Unless your encoded data is osmething very simple, these methods will most likely return a Python dict or list containing your deserialized data.

Serialization and Deserialization are not perfectly inverse operations! This means that deserialization may not return to you the exact object you serialized.

> Tuples will be serialized as JSON arrays. JSON arrays get deserialized as Python lists containing the data in a tuple. We can easily cast this back into a tuple using the `tuple()` initializer.

In [3]:
blackjack_hand = (8, "Q")

encoded_hand = json.dumps(blackjack_hand)

decoded_hand = json.loads(encoded_hand)

type(decoded_hand)  # list

decoded_hand

[8, 'Q']

In [4]:
blackjack_hand == tuple(decoded_hand)

True

## Working with JSON Data
Get practice deserializing JSON data from a web API. Then manipulate the extracted data to derive meaning from it.

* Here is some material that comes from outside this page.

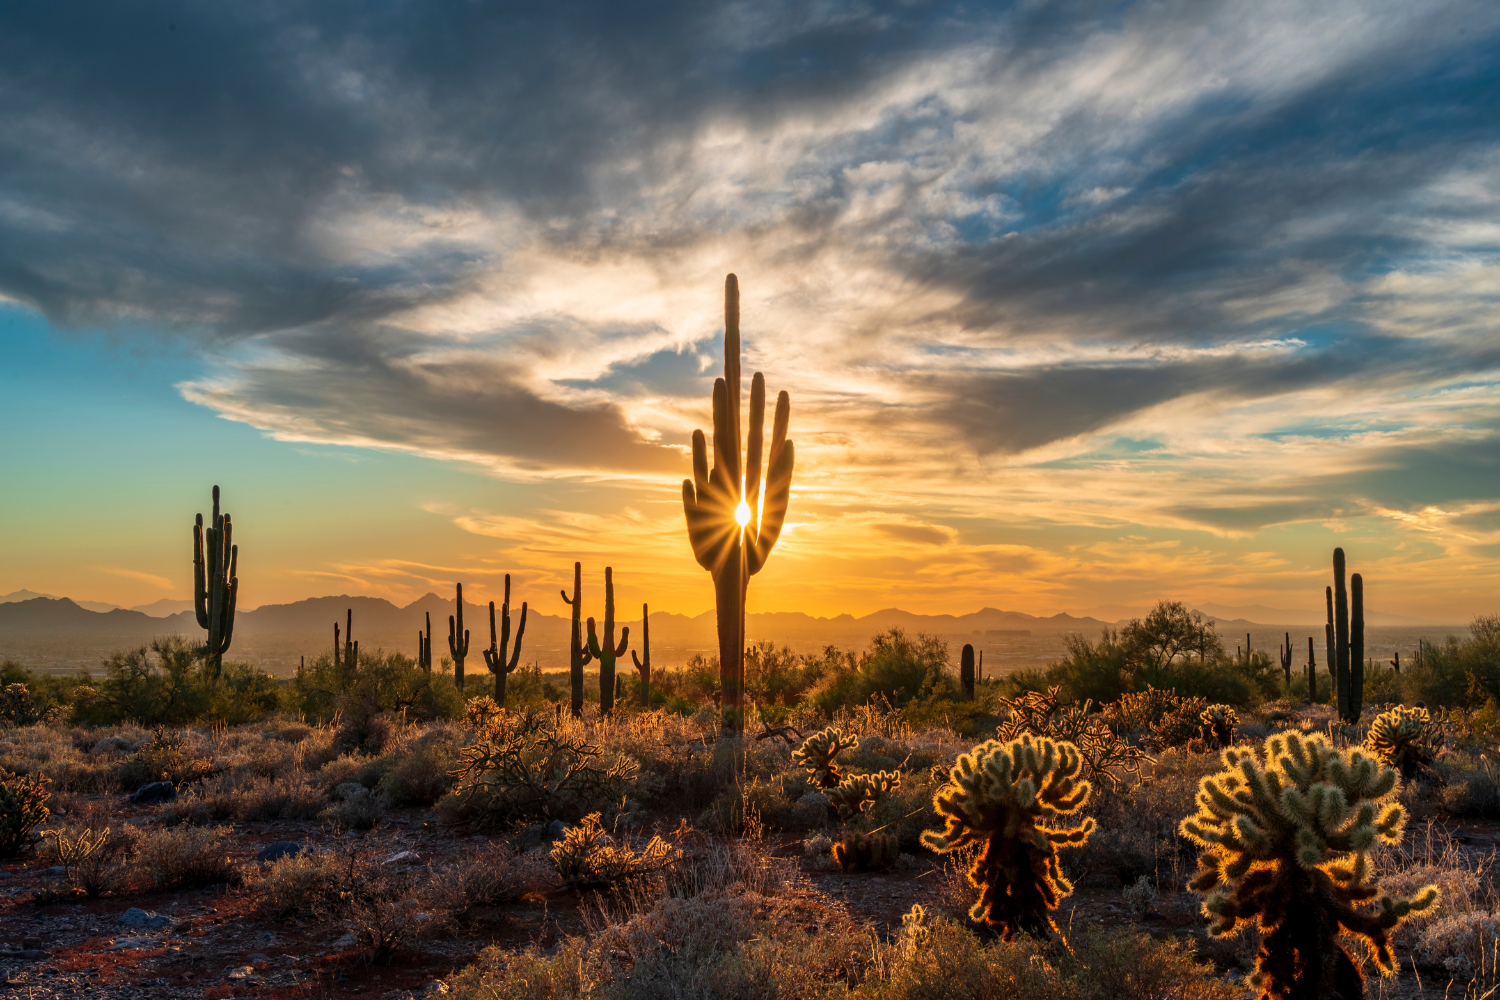 Cactus in Sonoran Desert at sunset

Here is the json data location: https://jsonplaceholder.typicode.com/todos

In order to get the json data from the API above, we have to import the `requests` module as well

In [5]:
import requests

In [6]:
# Make the request to the API
response = requests.get(
    "https://jsonplaceholder.typicode.com/todos"
)

# Obtain a Python list from this json data
# Use response.text to get the content of the web request
todos = json.loads(response.text)

# NOTE: We use loads() because reponse.text returns a string
#       containing all the JSON data

# print the first 2 items in our list
print(todos[:2])

[{'userId': 1, 'id': 1, 'title': 'delectus aut autem', 'completed': False}, {'userId': 1, 'id': 2, 'title': 'quis ut nam facilis et officia qui', 'completed': False}]


### Which users have completed the most todo items?

In [7]:
todos_by_user = {}

for todo in todos:
    if todo["completed"]:
        # Our dictionary represents the users by their user id
        # The try assumes the user is already in our dictionary
        try:
            todos_by_user[todo["userId"]] += 1
        # If the user is not in our dictionary
        except KeyError:
            todos_by_user[todo["userId"]] = 1
            
# Determine what the highest number of completed items is
# Also determine who has completed that many items

# This is a sorted list of tuples
# - Each tuple contains:
#   - the person
#   - how many items they've completed
#
# The tuples are sorted in descending order, by the number of
# items completed
top_users = sorted(todos_by_user.items(),
                   key=lambda x: x[1], reverse=True)

max_complete = top_users[0][1]

# In order to determine which users have this completed count, we
# define a new list called users, which holds the users that we
# discover
users = []

# Iterate over our list of tuples
for user, num_complete in top_users:
    if num_complete < max_complete:
        break
    
    users.append(str(user))
    
max_users = " and ".join(users)

print(f"User(s) {max_users} completed {max_complete} TODOs")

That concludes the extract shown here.